For just a moment, his lips flattened. Then he was back to the hang-dog expression that had become his norm around me. “How can you just up and decide that after more than a year?”

In truth, I’d known it pretty early on, and I’d deluded myself into thinking that it would be okay. That I’d grow to feel what I needed to feel for him. But there was another part of me that knew that was horse shite. If I was going to feel it, I’d have felt it straight out of the gate. I knew from previous experience that was how I worked. And that wasn’t what I’d had with Brodie. I’d let our relationship go on way too long because I’d been lonely. It felt like everyone around me was falling in love, getting married, having kids. Not that I was ready for all those things, but I wanted someone to share a life with, and I’d thought Brodie could grow to become that person.

Instead, I’d hurt him by not acknowledging the truth, even to myself.

“Brodie, I am sorry. I should’ve made the call a lot sooner than I did. I didn’t set out to lead you on. But let me be as transparent and clear as I possibly can to save you from further grief: we are not getting back together.”

“But if you’ll just give us another chance, I?—”

In that moment, Ross stepped back out front. God love him. “I’ve got your order here.”

Desperate, I turned back toward him. “Thank you so much. These will be perfect.”

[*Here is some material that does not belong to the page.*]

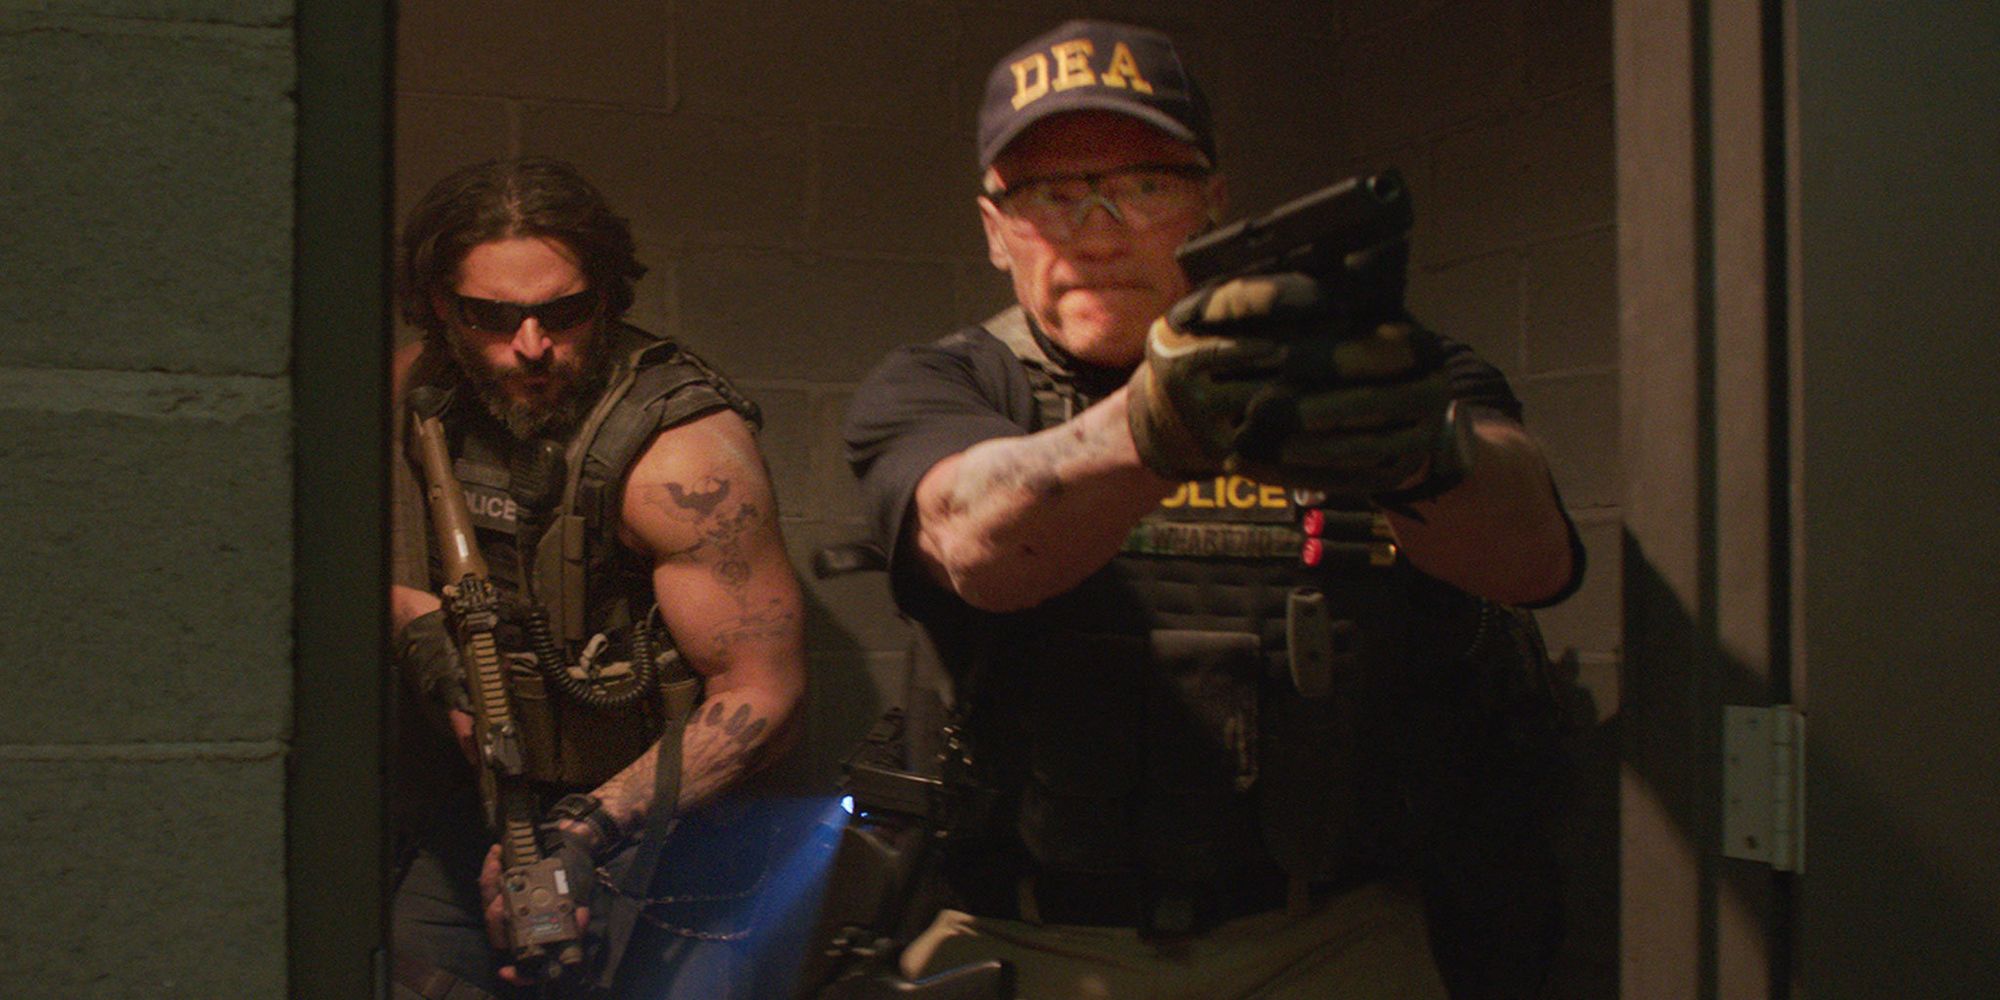 Arnold Schwarzenegger in DEA uniform and firing a gun in Sabotage 
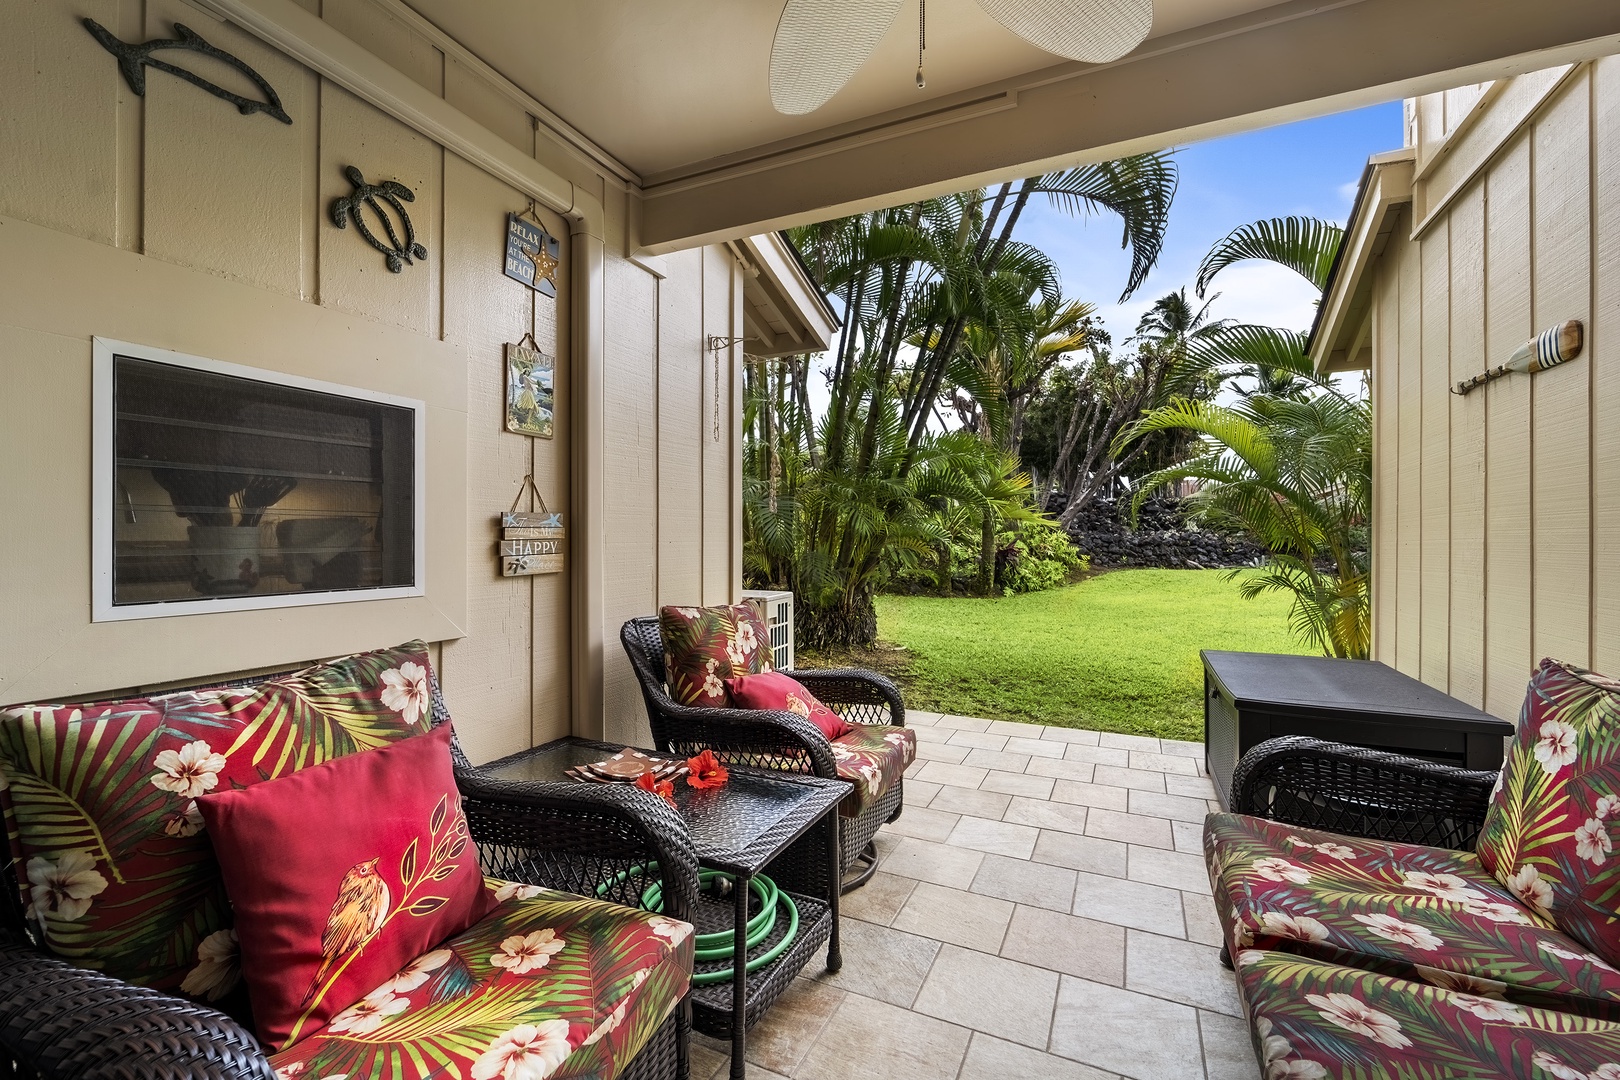 Kailua Kona Vacation Rentals, Keauhou Kona Surf & Racquet #48 - Comfortable seating on the Lanai

I felt Brodie’s gaze on me as I finished paying for the food, but he said nothing. Feeling ten kinds of awkward, I grabbed the bag and dared to meet his eyes. “I have to get back to work. Take care, Brodie.”

Without waiting for a reply, I rushed back outside into the rain.

He didn’t follow me this time, and I counted that as a win. Maybe this would be the end of it. Maybe he’d finally listen. I hoped so, because I was so over having to tiptoe around male feelings.

As I slid behind the wheel of my car, I wondered briefly about what might have been if things had actually worked out with the man I’d felt that instant flash of connection with all those years ago. Where would I be now?

Before my mind could even conjure his face, I shook my head. What use was it wondering? My instincts couldn’t be trusted because what I’d believed was a mutual connection had turned out to be nothing more than a one-night stand with a man who’d made promises, then ghosted me.

With him and Brodie in my past, it was fair to say my personal radar was broken, and I ought to resign myself to staying single for a while.